Several centers of political opposition and dissent to the Saadians also became clear in this period. On the western coast, recent Morisco (Andalusian) exiles had arrived in Salé and Rabat in 1609 and eventually founded the Republic of Bou Regreg, becoming one of the most important bases of piracy in the region. In 1615 they also agreed to an alliance with Muhammad al-'Ayyashi, a religious warrior who started out as one of Moulay Zaydan's governors. As governor, Al-'Ayyashi had repeatedly attacked the Spanish at Mazagan (Al-Jadida). The Spanish persuaded Moulay Zaydan to rein him in and the sultan sent an army to stop him, at which point he fled north with his warriors. The Sous valley, meanwhile, had come under the leadership of 'Ali Abu Hassun al-Simlali in the town of Iligh since 1614. Abu Hassun fought with the forces of Moulay Zaydan's ally, Yahya ibn Abdullah al-Hahi, until the latter's death in 1626 left him uncontested in the Sous. He went on to conquer the Dra'a Valley and then as far Sijilmasa in the Tafilalt in 1631.

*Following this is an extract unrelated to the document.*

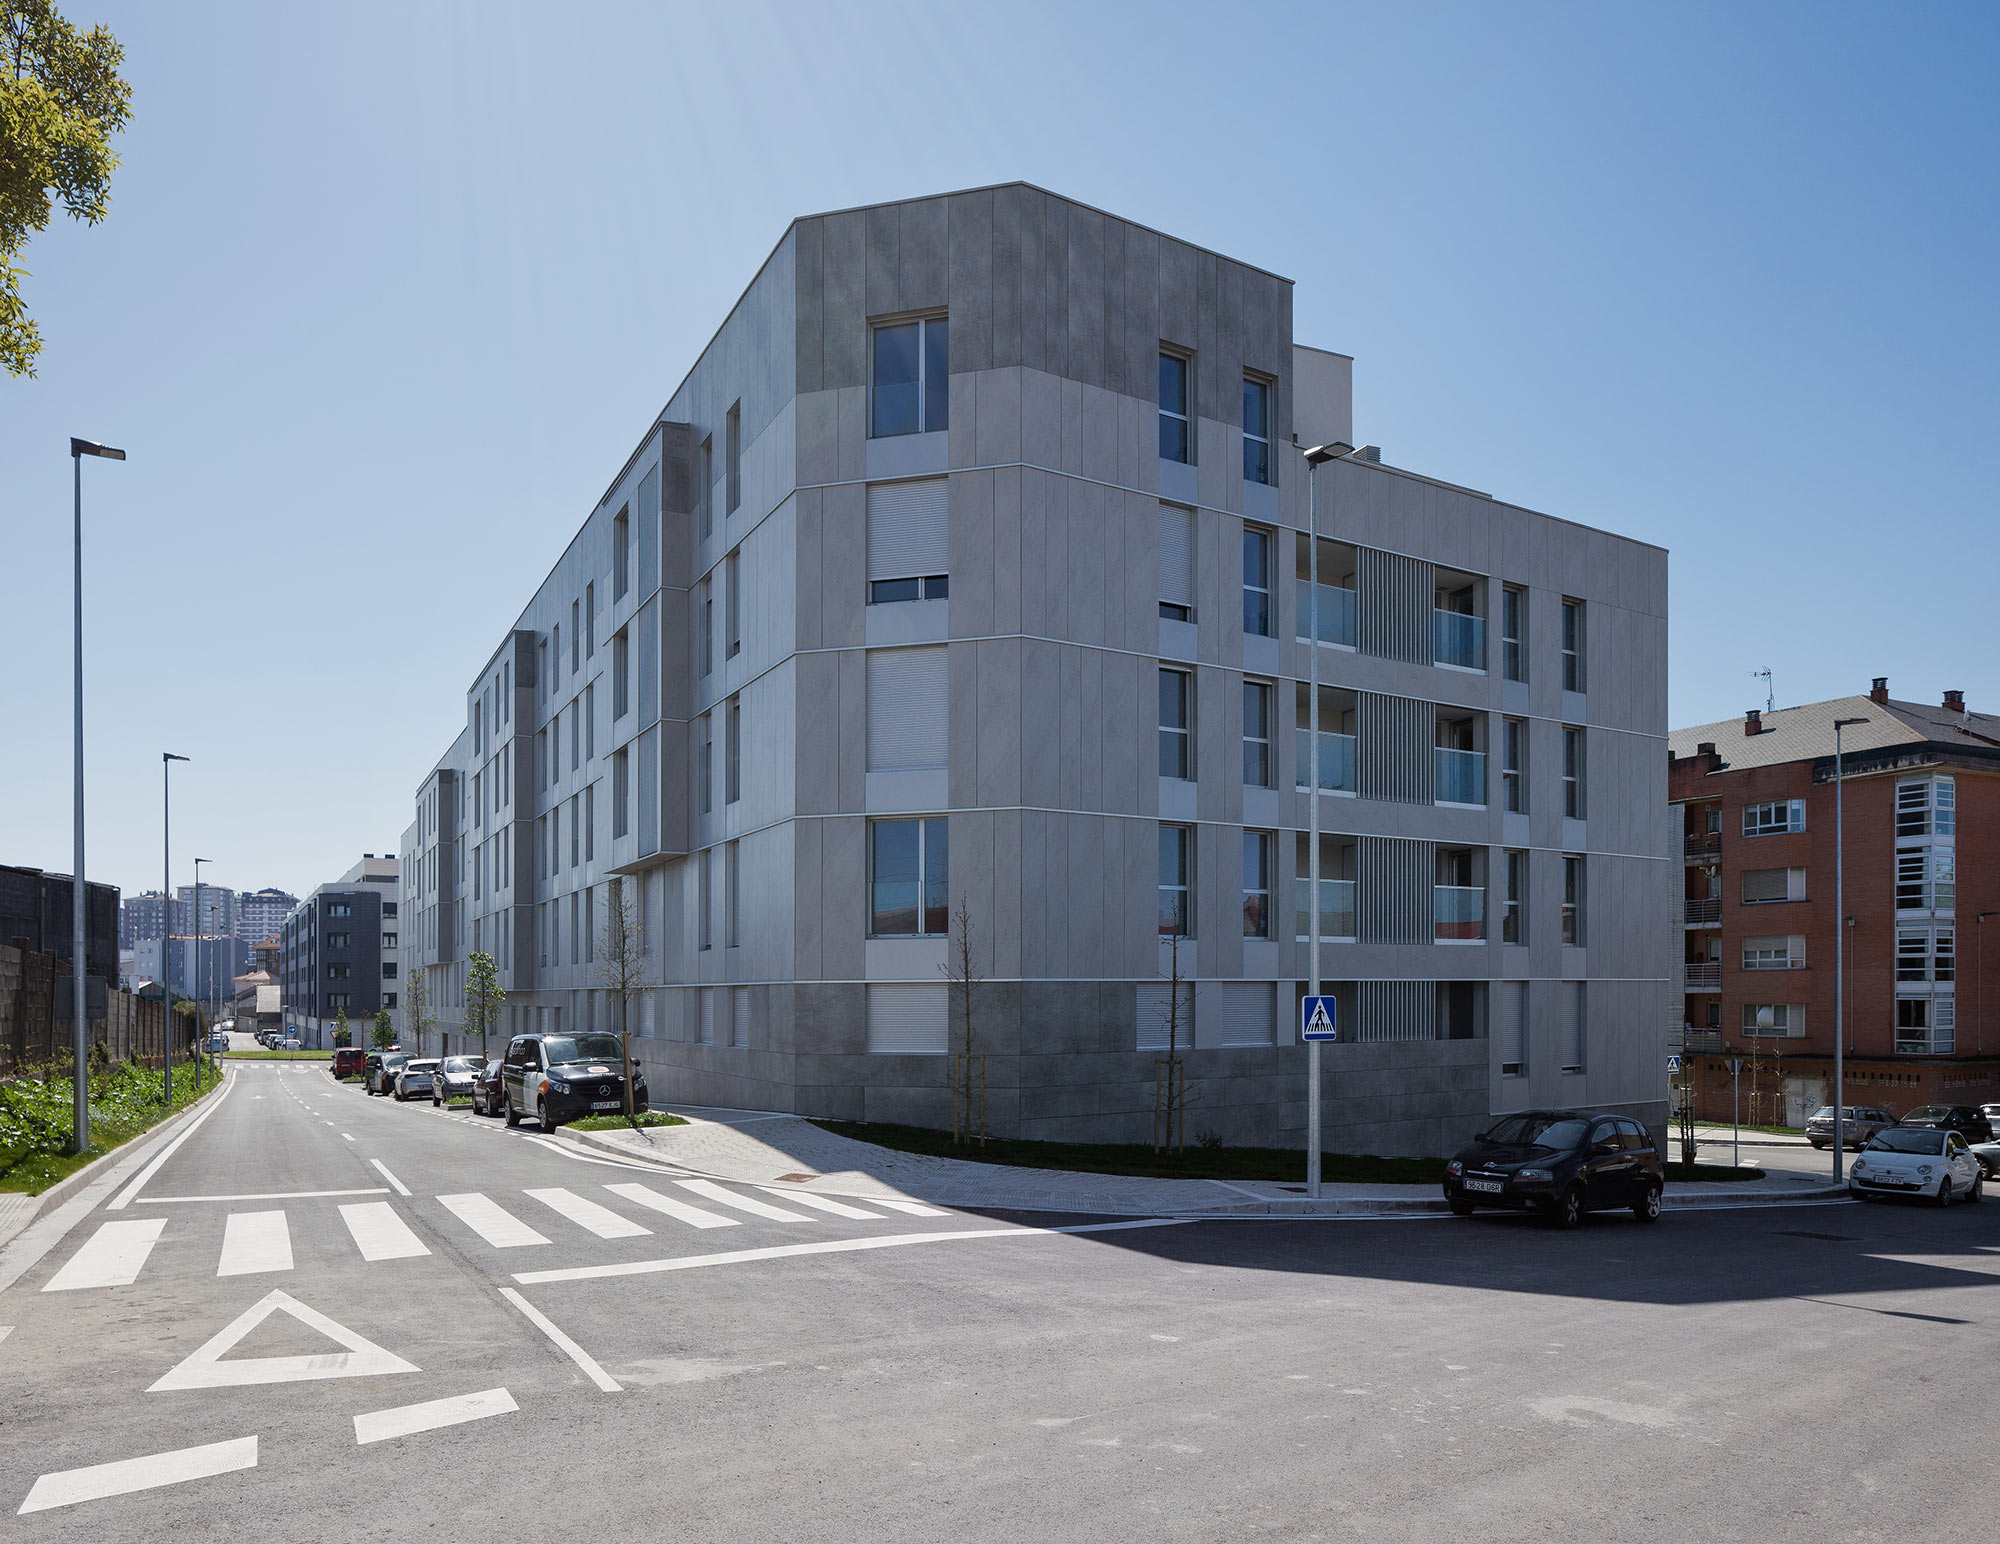 Image of fachada albericia santander dekton 20 in Compact style for a subsidised housing building  - Cosentino

The Dala'iyya, an important Sufi brotherhood in the Middle Atlas, became the most important opposition, especially under Muhammad al-Hajj, who ruled them between 1636 and 1668. He organized the Berbers of the region into a regular army which defeated a Saadian army sent by Muhammad al-Shaykh al-Saghir to subdue them in 1638. In 1641 he also defeated Al-'Ayyashi with the help of Al-'Ayyashi's former allies, the Andalusians in Salé, who had turned against him. The Dala'iyya occupied the area but allowed the pirates to continue operating. That same year they also captured Fez. Thanks to these victories, they established a new Berber state across a large area, and even conducted foreign relations, especially with the Dutch, with whom they signed a treaty in 1651.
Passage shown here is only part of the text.